Tam keyifle yemek yerken bir anda dilinizi ısırıp keyfinizin kaçtığı elbette ki olmuştur. Hatta bir kere ısırdık mı aynı yeri birkaç kez daha ısırırız. Tabi bu ısırık dil ile sınırlı değildir. Yemek yerken yanağımızı da ısırabilir hatta kanatabiliriz. Peki neden bir anda yanağımızı veya dilimizi ısırırız?
Bir kas olan dilimiz, diğer kaslarımızdan biraz farklı ve hassastır. Çünkü dilimiz yaklaşık 8000 tane motor ünitesi içerir. Ayrıca bu üniteleri koruyan bir katman yerine tat almaçları olan papillalar vardır. Bu denli korunaksız olan dilimizi ısırmak çok büyük acı hissetmemize hatta gözlerimizin dolmasına bile sebep olabilir. Acı hissetmemizin yanı sıra dilimizi ısırdığımızda bazı dokular zarar görebilir ve devamında ülser başta olmak üzere birçok hastalığa sebep olabilir.

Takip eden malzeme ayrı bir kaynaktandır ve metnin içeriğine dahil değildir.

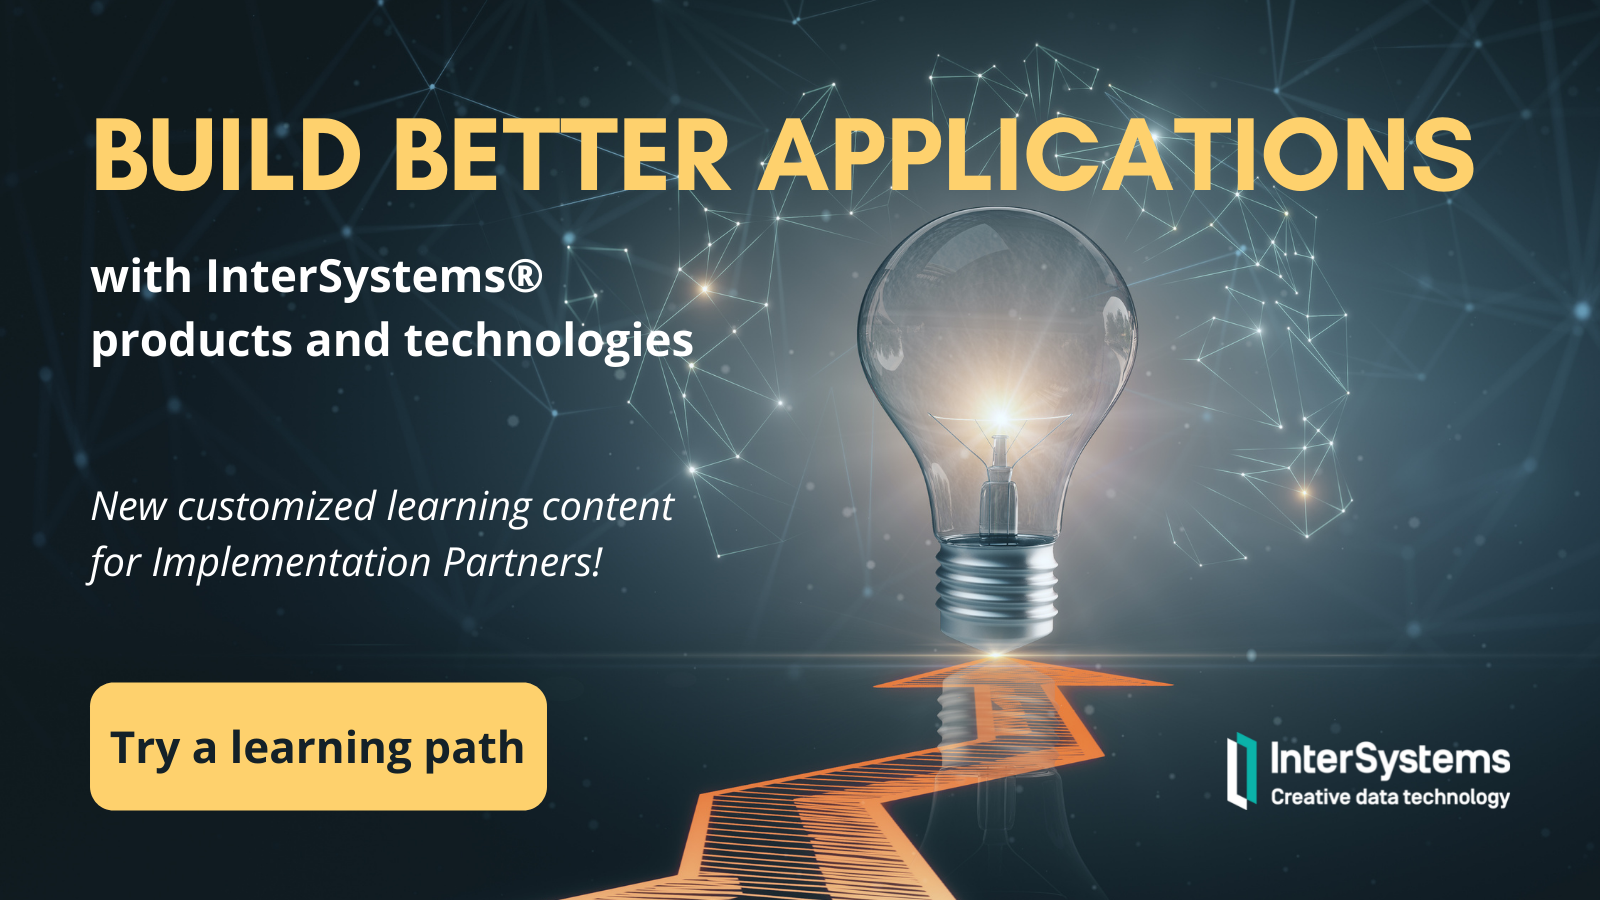 Build Better Applications with InterSystems® products and technologies. New customized learning content for Implementation partners. Try a learning path.

Dilimizi ısırmamızın sebebi, büyük ölçüdeki dikkat dağınıklığımızdır. Yani yemeğimizi yerken sadece yemeğe odaklanmayıp sohbete daldıysak ya da aklımız sınavda yapamadığımız soruda kaldıysa dilimizi, yanağımızı ya da dudağımızı ısırabiliyoruz. Bu bilgiler ışığında da stresin de dalgınlık kadar etkili olduğunu anlayabiliriz.
Peki bunun sorumlusu kim?
Çiğneme, yutma, ısırma gibi davranışlarımız beynimizde ön beyin ve beyincik ya da omurilik soğanı aralarında yer alan ‘pons’ ile sağlanır ve kontrol edilir. Pons sayesinde çiğnemeye başlarız ve refleks olarak düşünmeden bunu yapmaya devam ederiz. İşte tam bu sırada dalgınlığa sahipsek ya da konuşmaya başladıysak işte o zaman ponsa giden sinyallerde kesinti veya aksama yaşanır. Bu da çiğnemede yakaladığımız koordinasyonu bozar ve dilimizi veya yanak içimizi ısırabiliriz.
Aslında çözüm basit. Yemek yerken keyfimizi kaçıracak sıkıntılarımızı bir kenara bırakarak, dilimizin yemeğin tadına ve keyfine varmasına izin verelim.